Glass Sword by Victoria Aveyard Review

23174274Goodreads Summary: If there’s one thing Mare Barrow knows, it’s that she’s different.

Mare Barrow’s blood is red—the color of common folk—but her Silver ability, the power to control lightning, has turned her into a weapon that the royal court tries to control.

The crown calls her an impossibility, a fake, but as she makes her escape from Maven, the prince—the friend—who betrayed her, Mare uncovers something startling: she is not the only one of her kind.

Pursued by Maven, now a vindictive king, Mare sets out to find and recruit other Red-and-Silver fighters to join in the struggle against her oppressors.

But Mare finds herself on a deadly path, at risk of becoming exactly the kind of monster she is trying to defeat.

Will she shatter under the weight of the lives that are the cost of rebellion?

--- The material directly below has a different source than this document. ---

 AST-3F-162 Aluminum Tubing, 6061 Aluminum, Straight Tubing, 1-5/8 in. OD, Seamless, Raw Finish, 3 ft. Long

Or have treachery and betrayal hardened her forever?

The electrifying next installment in the Red Queen series escalates the struggle between the growing rebel army and the blood-segregated world they’ve always known—and pits Mare against the darkness that has grown in her soul.

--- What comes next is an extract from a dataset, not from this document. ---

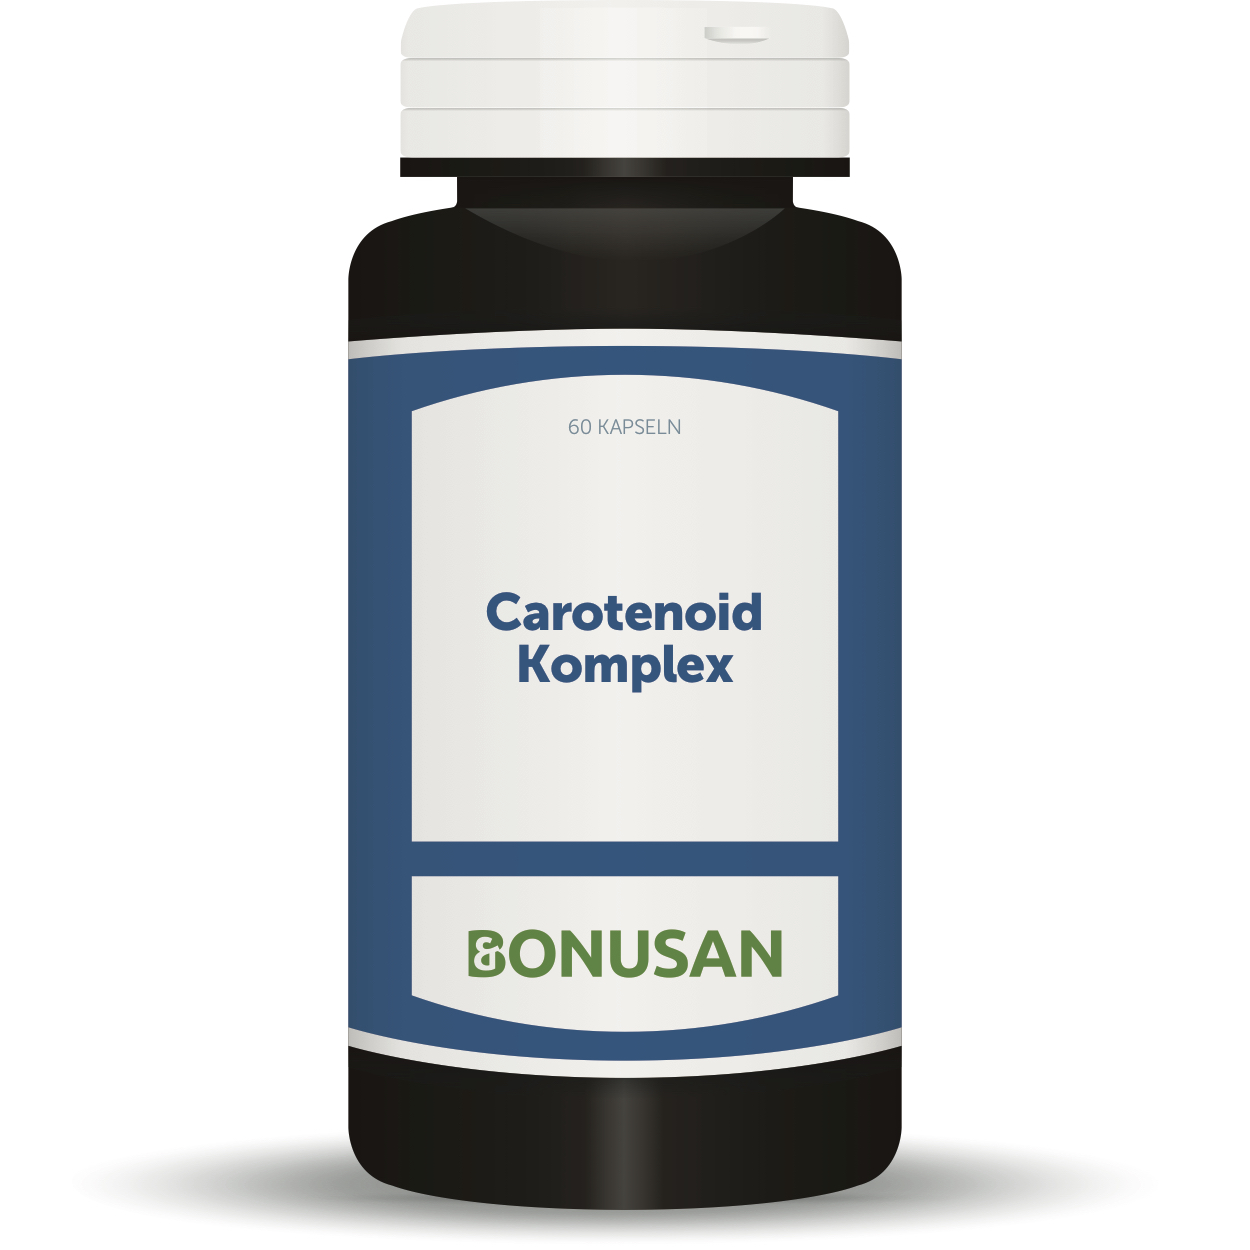 Carotenoid Komplex

My Thoughts: After feeling kind of luke-warm about Red Queen, it took me a while to pick up the second book in this series, but I can safely say that I understand the hype now.  My biggest qualm with the first book was Mare’s lack of involvement in everything that happened to her.  I honestly didn’t really like her and found it hard to find a reason to root for her, except that I knew I was supposed to.  That all changed in Glass Sword.  Mare finally took charge of her situation and I am living for it.  She is more likable, relatable, and real in this book, and I think Aveyard did an amazing job of showing how complicated and dark Mare’s emotional life is after everything that has happened.  It makes sense to me now, after reading the second book, why Mare was how she was in the beginning.  Her journey is a much larger than I had realized.  All of the characters are so much more complicated and well developed in this book, including the tortured and exiled Cal, whom I adore.  I loved the plot with the new-bloods, and finding out about each of their powers was exhilarating.  The immediate action in the first chapter really drew me back into the world, and I appreciated the lack of unnecessary recapping.  The battle scenes were spectacular and gruesome once again, and I was screaming out loud at my book.  They are so incredibly cinematic, and I am dying to see these books on film (and would also die to play Evangeline Samos… hit me up Hollywood).  In addition to all of that, I think my favorite thing about this series is that I have absolutely no idea who to trust, what is going to happen, or how the hell they are going to get out of any of it.  I am so happy that I finally gave this series another shot because I am completely hooked.